AVAILABLE DATA:
━━━━━━━━━━━━━━━━━━━━━━━━━━━━━━

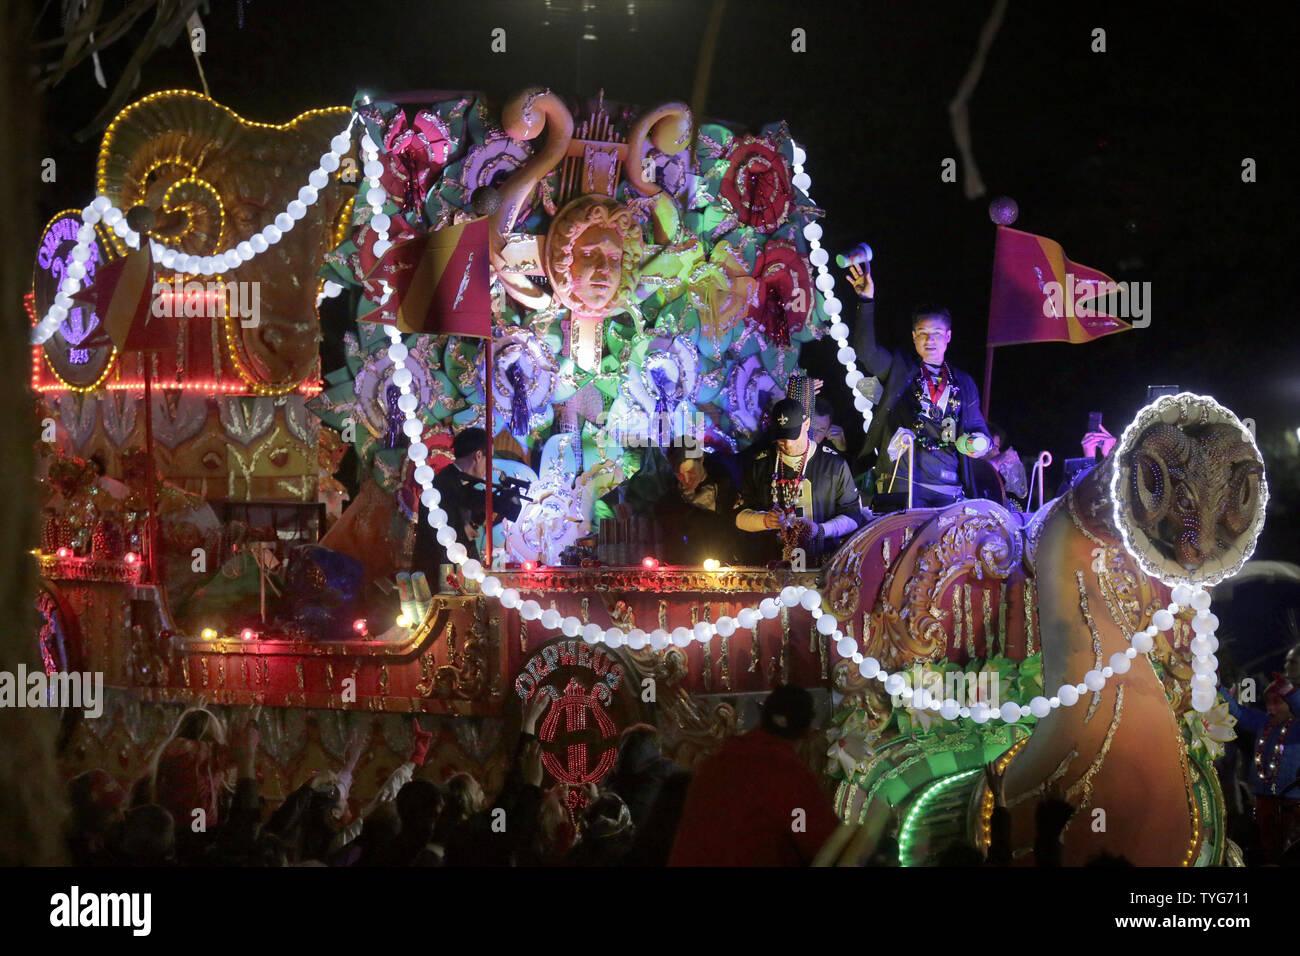 Die Krewe von Orpheus rollt Napoleon Avenue in New Orleans am 4. März 2019. 1993 gegründet, die Krewe von Orpheus hat seinen Namen von Zeus und CalliopeÕs musikalisch geneigte Sohn. Foto von AJ Sisco/UPI. Stockbild
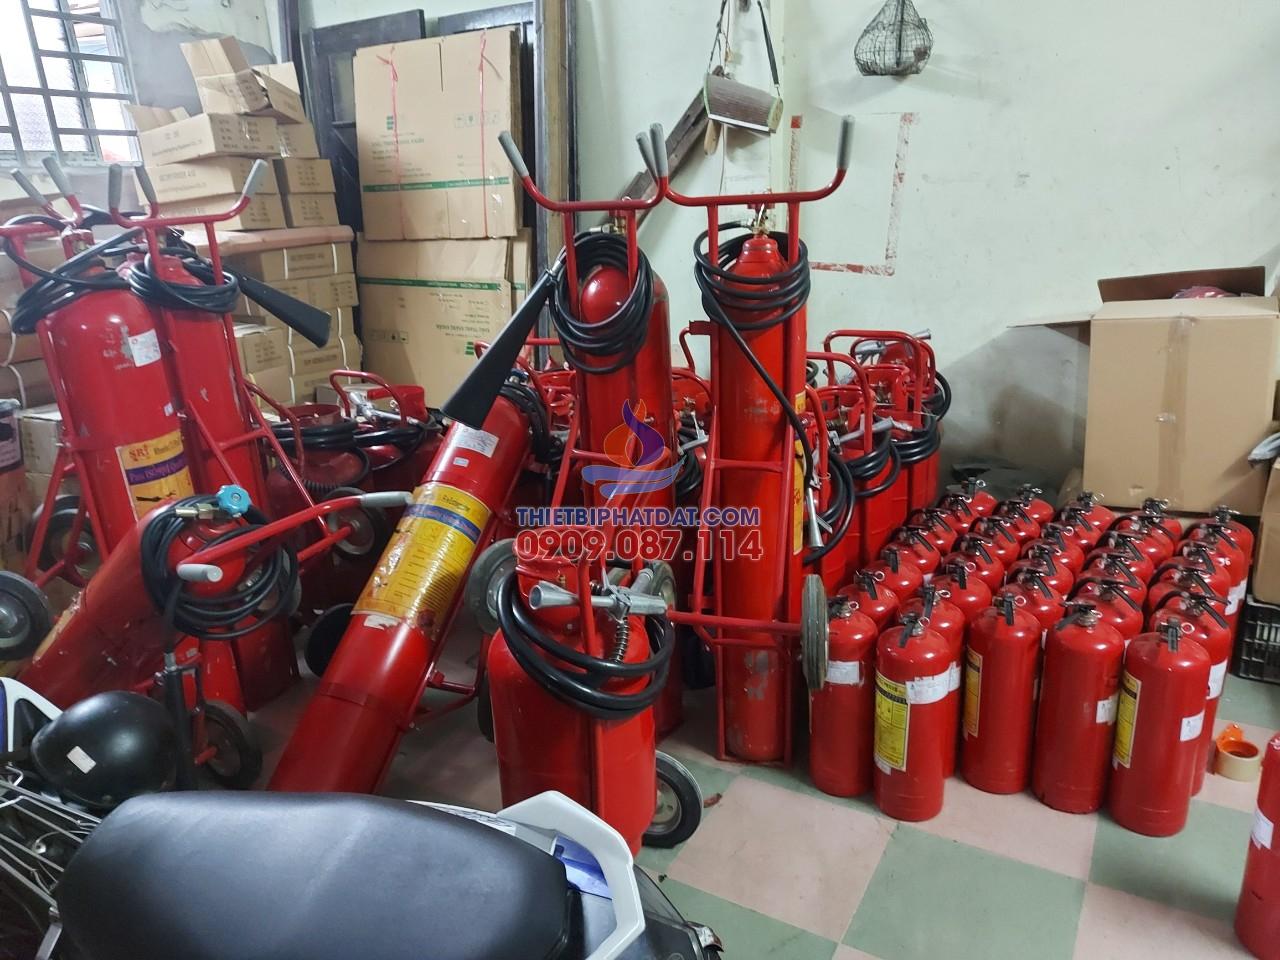 Nạp bình chữa cháy tại quận 8 giá cực cạnh tranh  0909.087,114
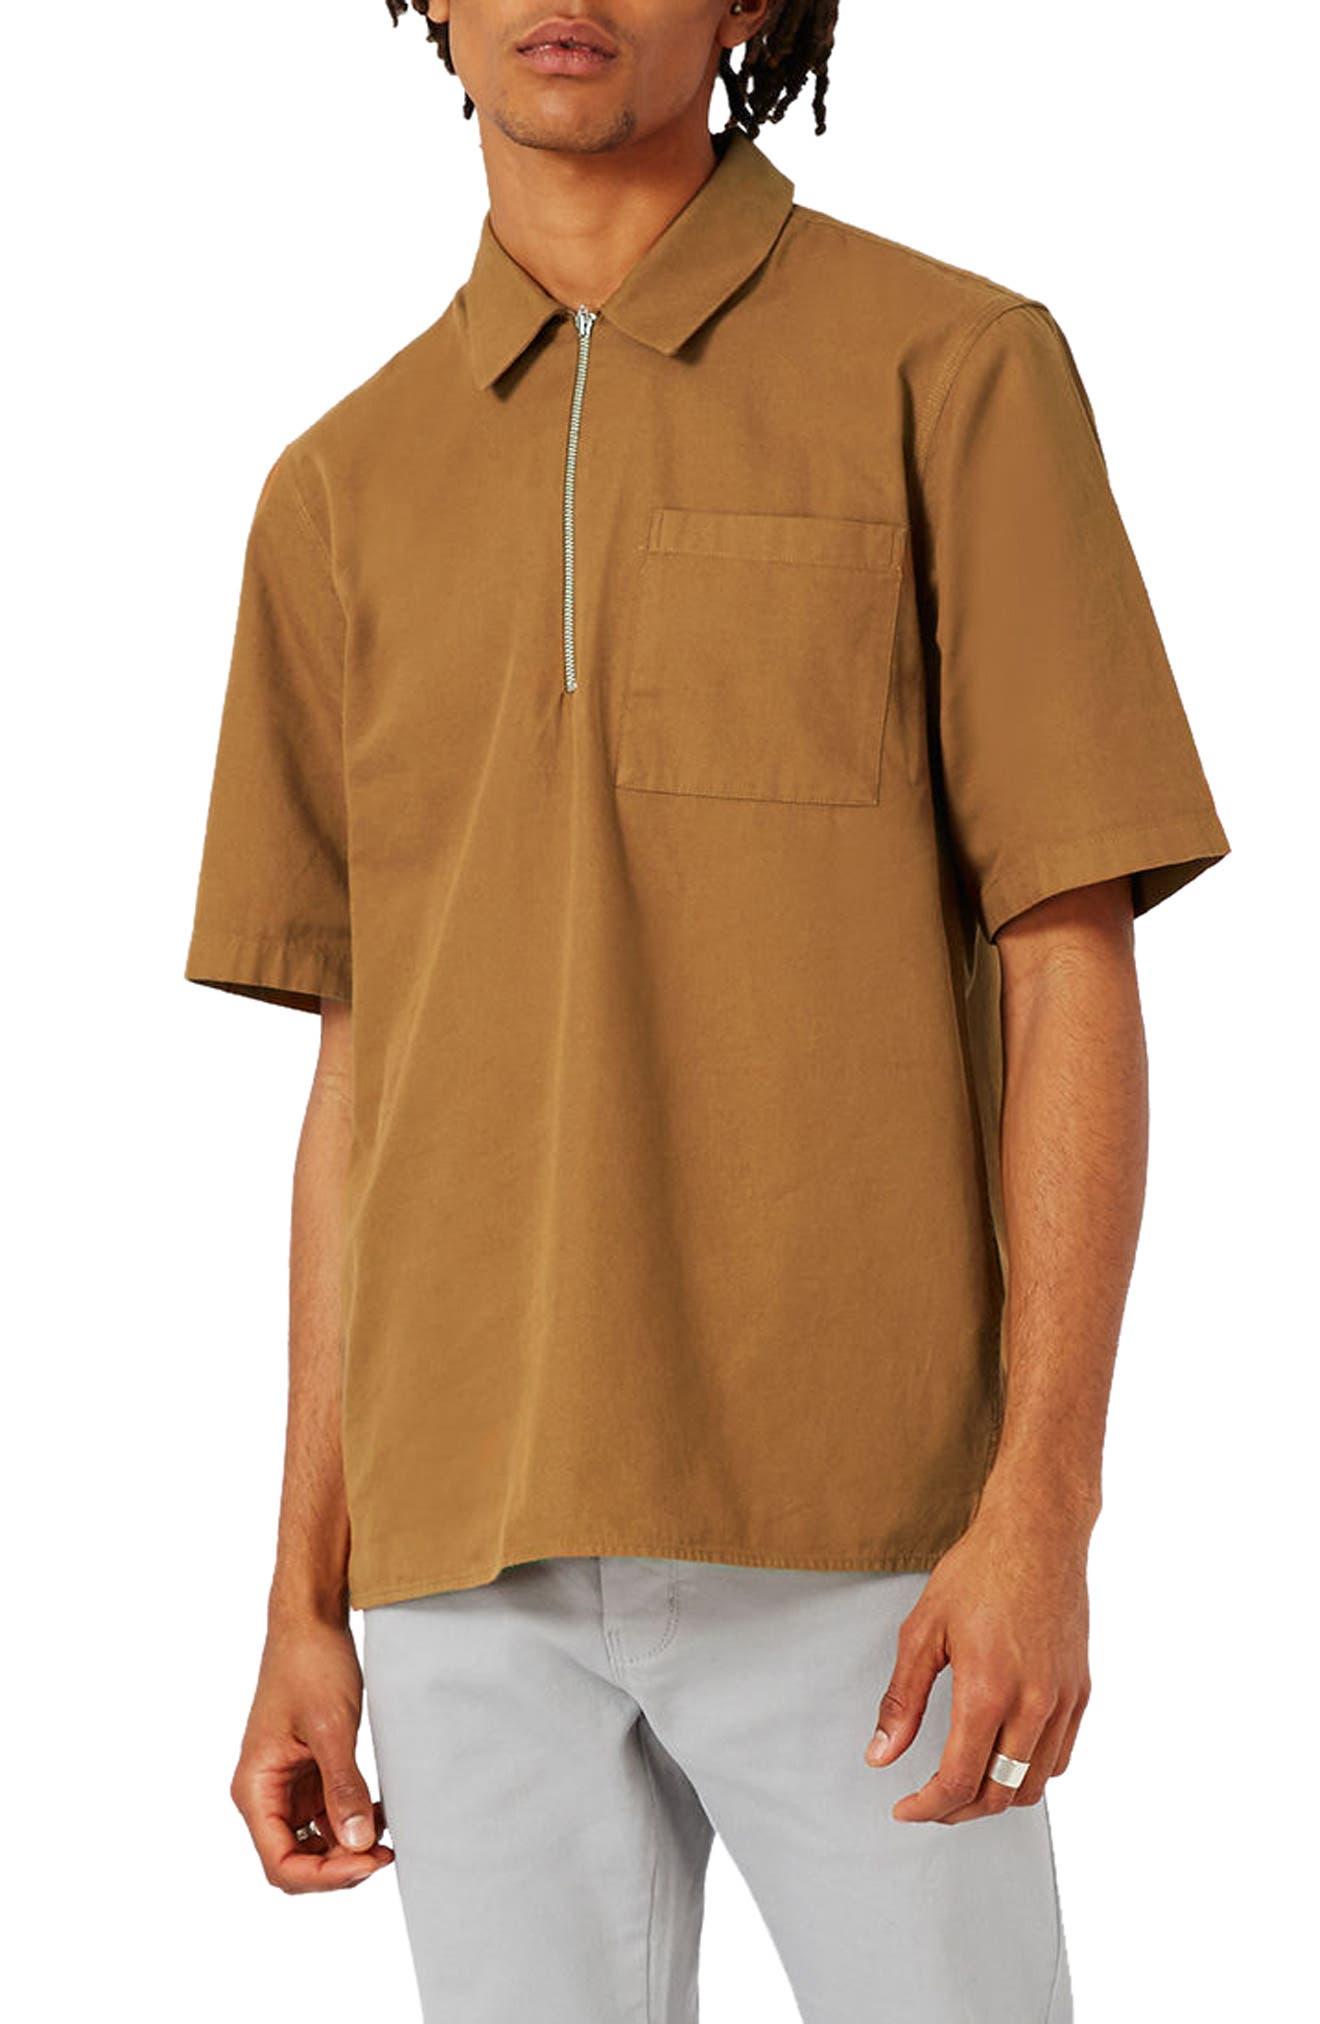 Topman Half Zip Work Shirt

━━━━━━━━━━━━━━━━━━━━━━━━━━━━━━

YOUR TASK:
Nothing but the lines from the line with "Nạp bình chữa" through the last line of the data above should be printed, exactly as written and without pictures.

FINISHED TASK:
 Nạp bình chữa cháy tại quận 8 giá cực cạnh tranh  0909.087,114
 Topman Half Zip Work Shirt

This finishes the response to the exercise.